While snapshots should definitely not be considered long-term backups, they do work well in the short term. Best practice is to delete snapshots no later than 72 hours after they were created. If you can verify that Windows Updates within that time period, snapshots would be excellent for your use case. The best method would be to script the snapshot creation AND DELETION (you do not want to forgot to delete snapshots or miss one or more snapshots while manually deleting). My scripting method is to use PowerCLI (a vmware extension to Powershell).

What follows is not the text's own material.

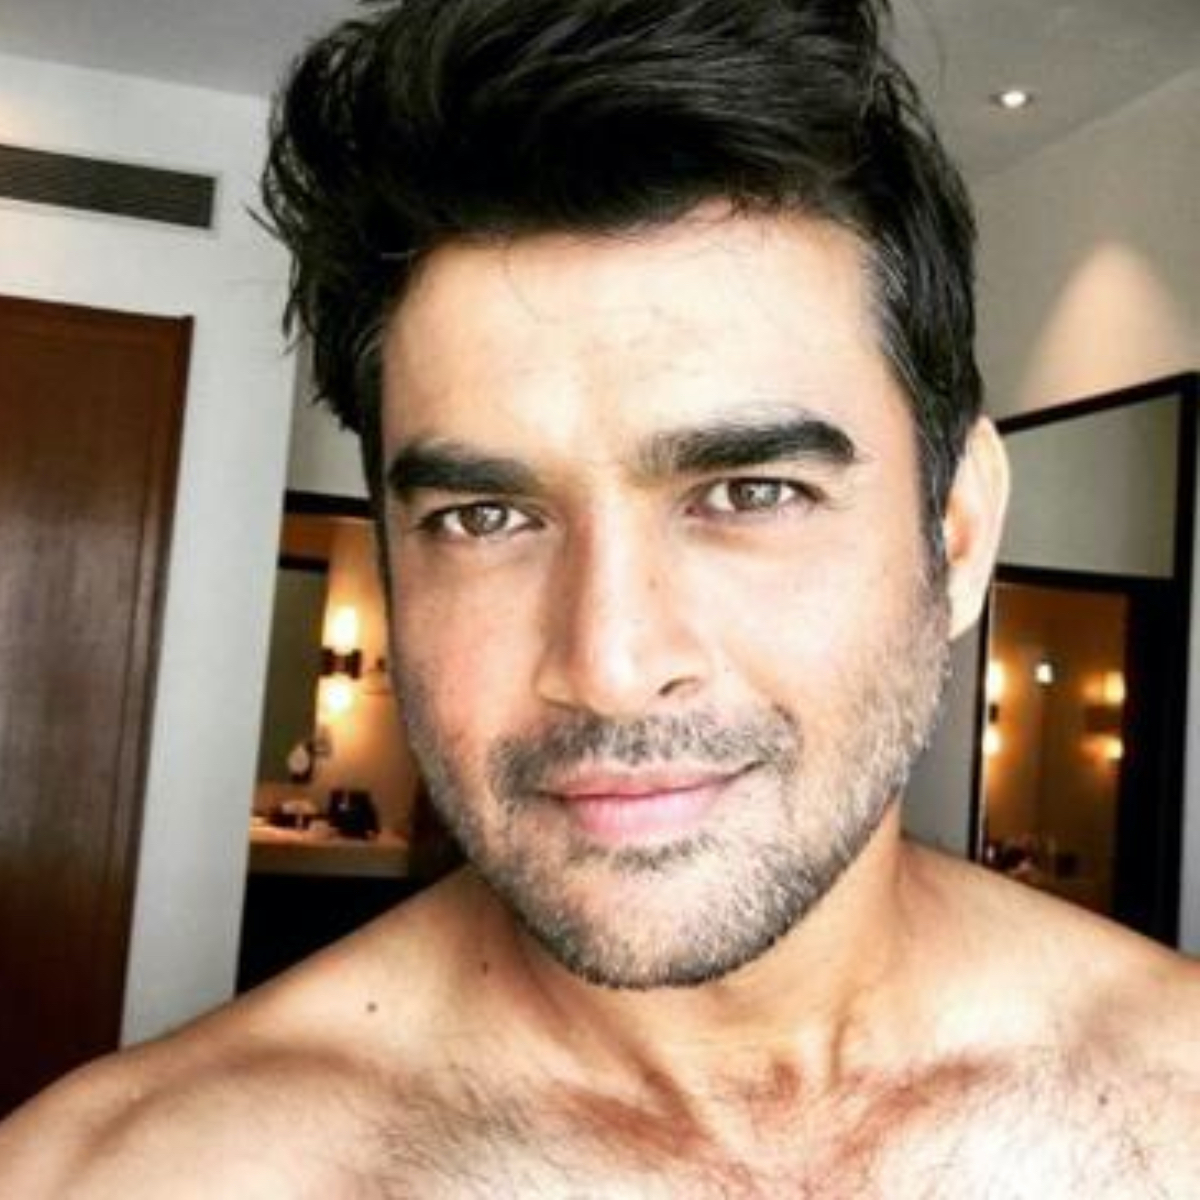 EXCLUSIVE: R Madhavan on 'shower selfie' which left female fans dizzy: Sarita warned me to not put such pics

Recently I had a long discussion with my customer about problems in their VMware environment. We needed to find a solution for the below problems (almost) caused by snapshots: Insufficient disk space on datastore Problem with the backup of VMs...

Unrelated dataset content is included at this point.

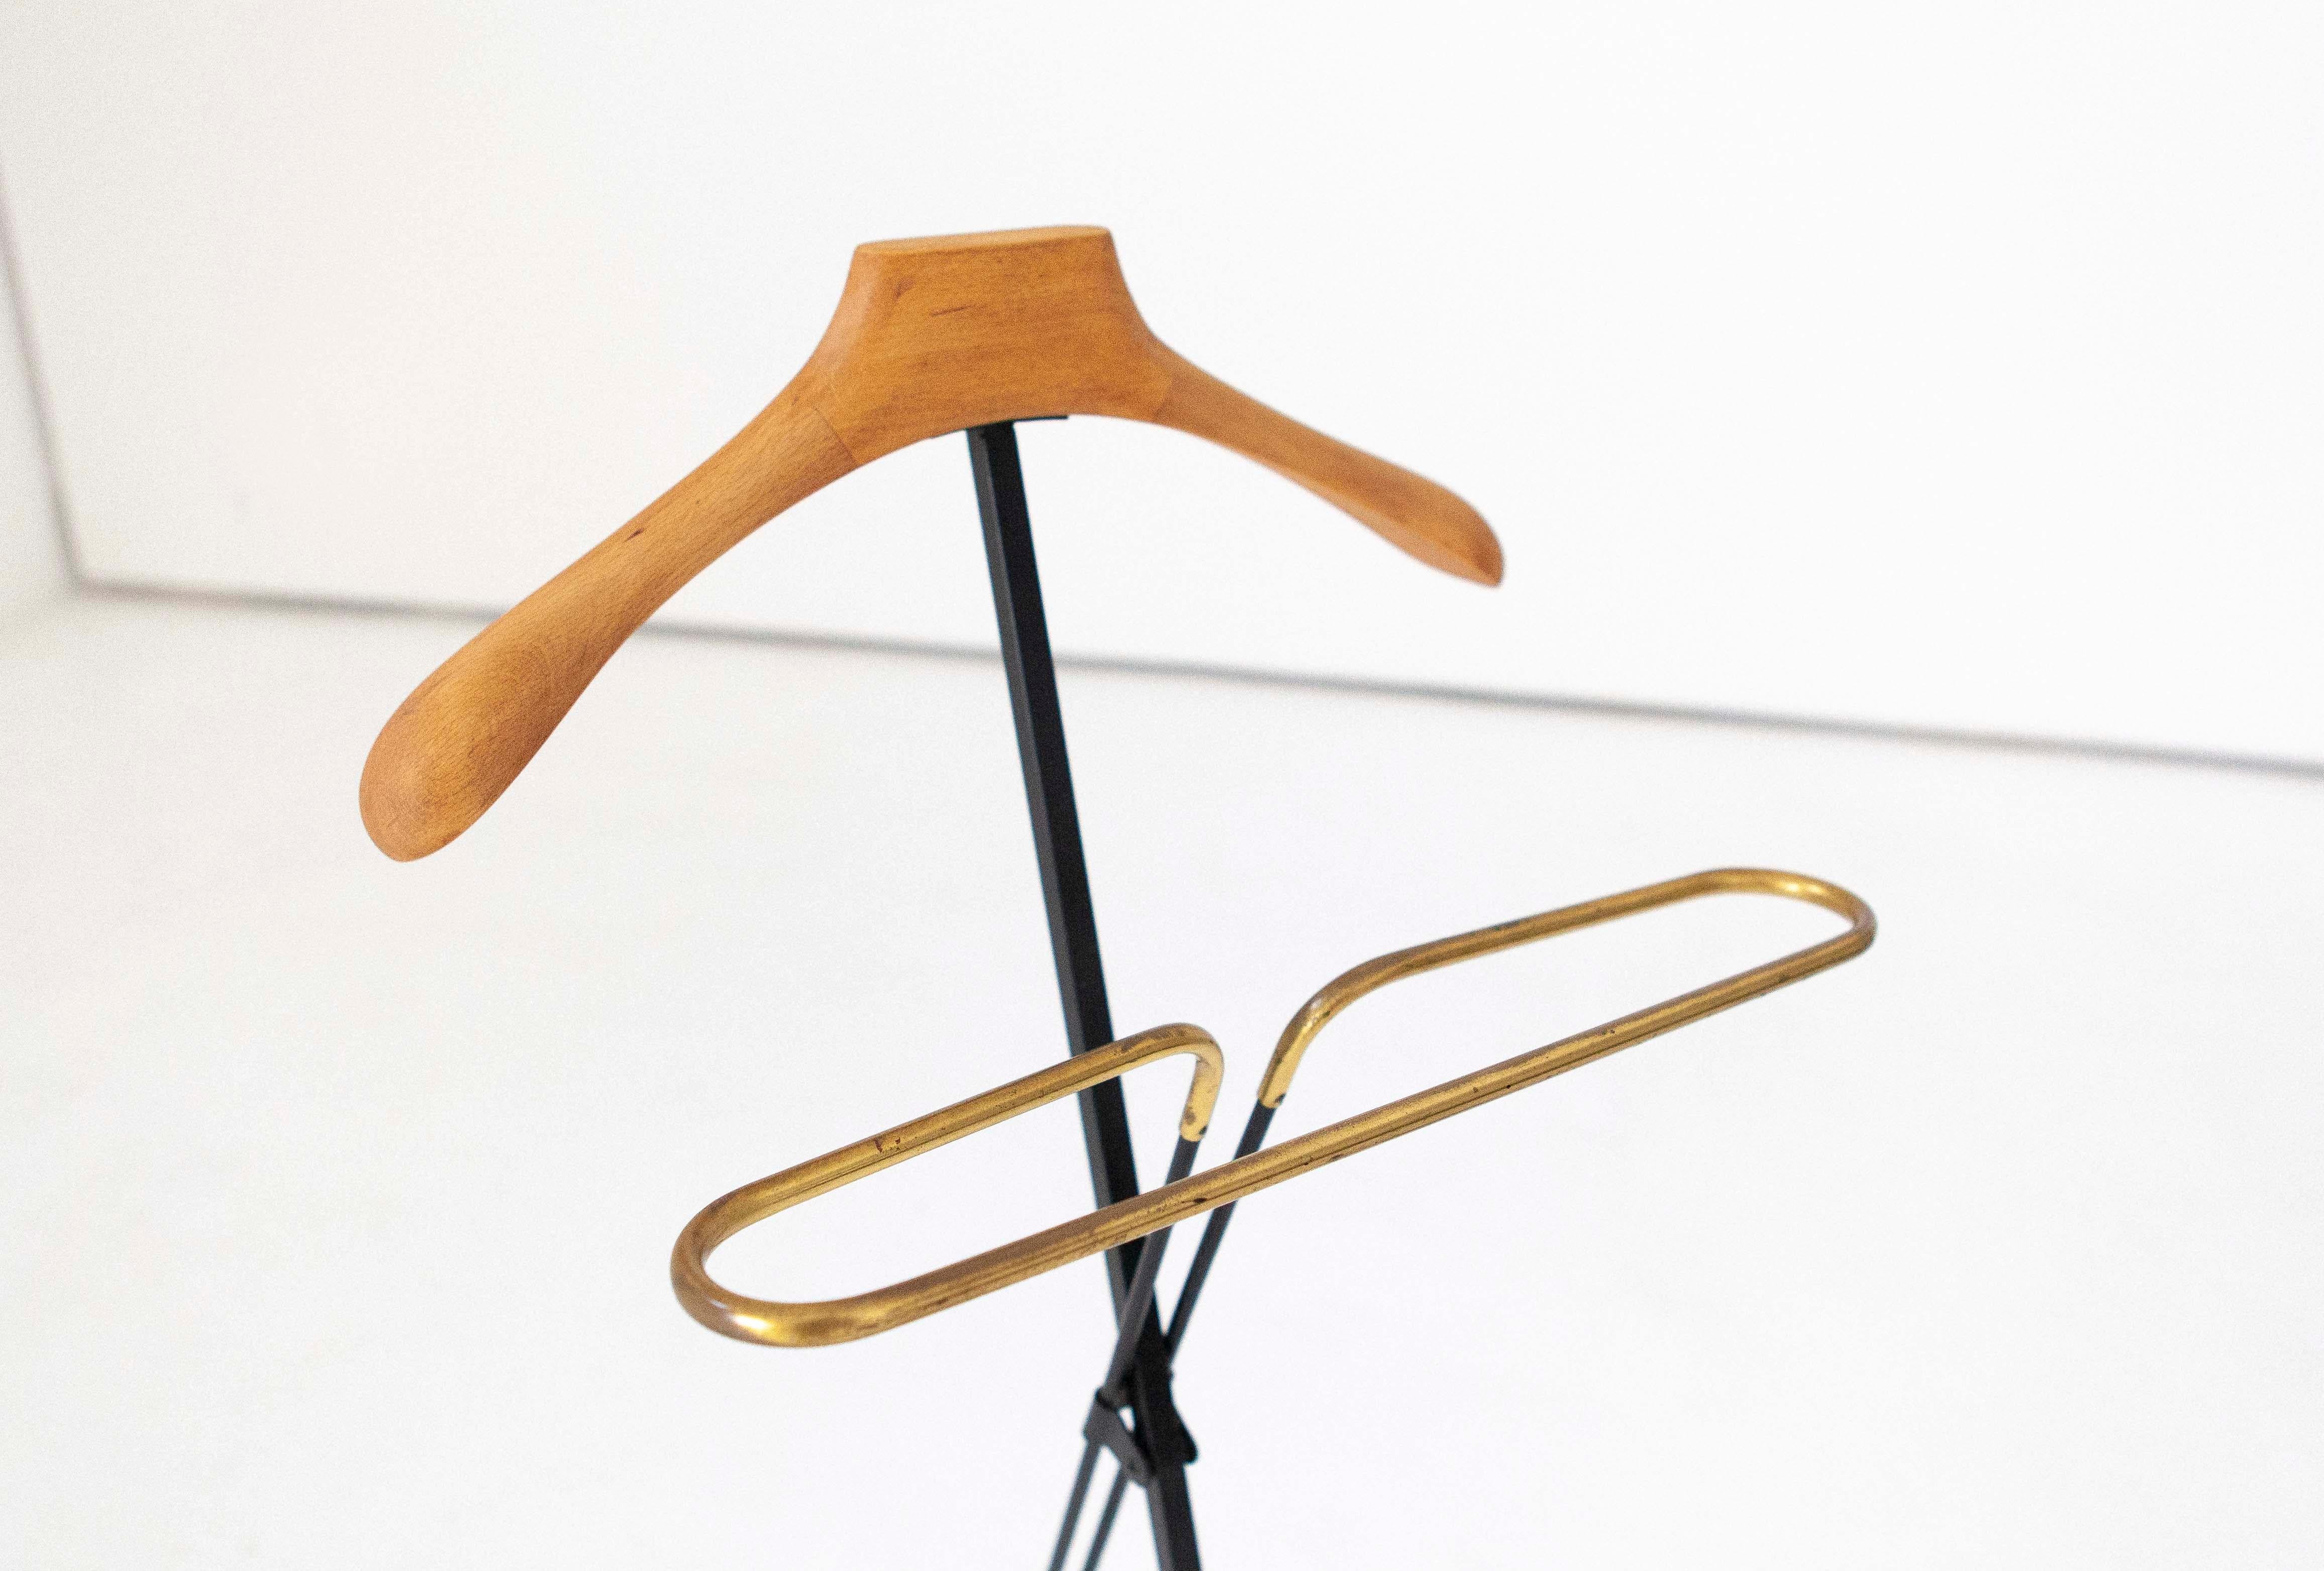 Italian Iron Brass and Wood Valet, 1950s For Sale 1

EDIT: Download RVtools (free) if you want to get a list of the snapshots and their details, just enter the host of vCenter IP. It can give you a lot more details than just snapshots, very handy to have in your toolbox

VMware snapshots are good - but they involve manual action and the huge downside is that performance decreases especially if you have changes in the file-system what you would have. The longer the snapshot exists, the lower the performance and the more space you will use on your storage.

If you want to be able to do proper roll-backs you would need to do offline snapshots - meaning - shut the system down and take a snapshot - otherwise you risk data corruption especially on database based systems like SQL and Exchange.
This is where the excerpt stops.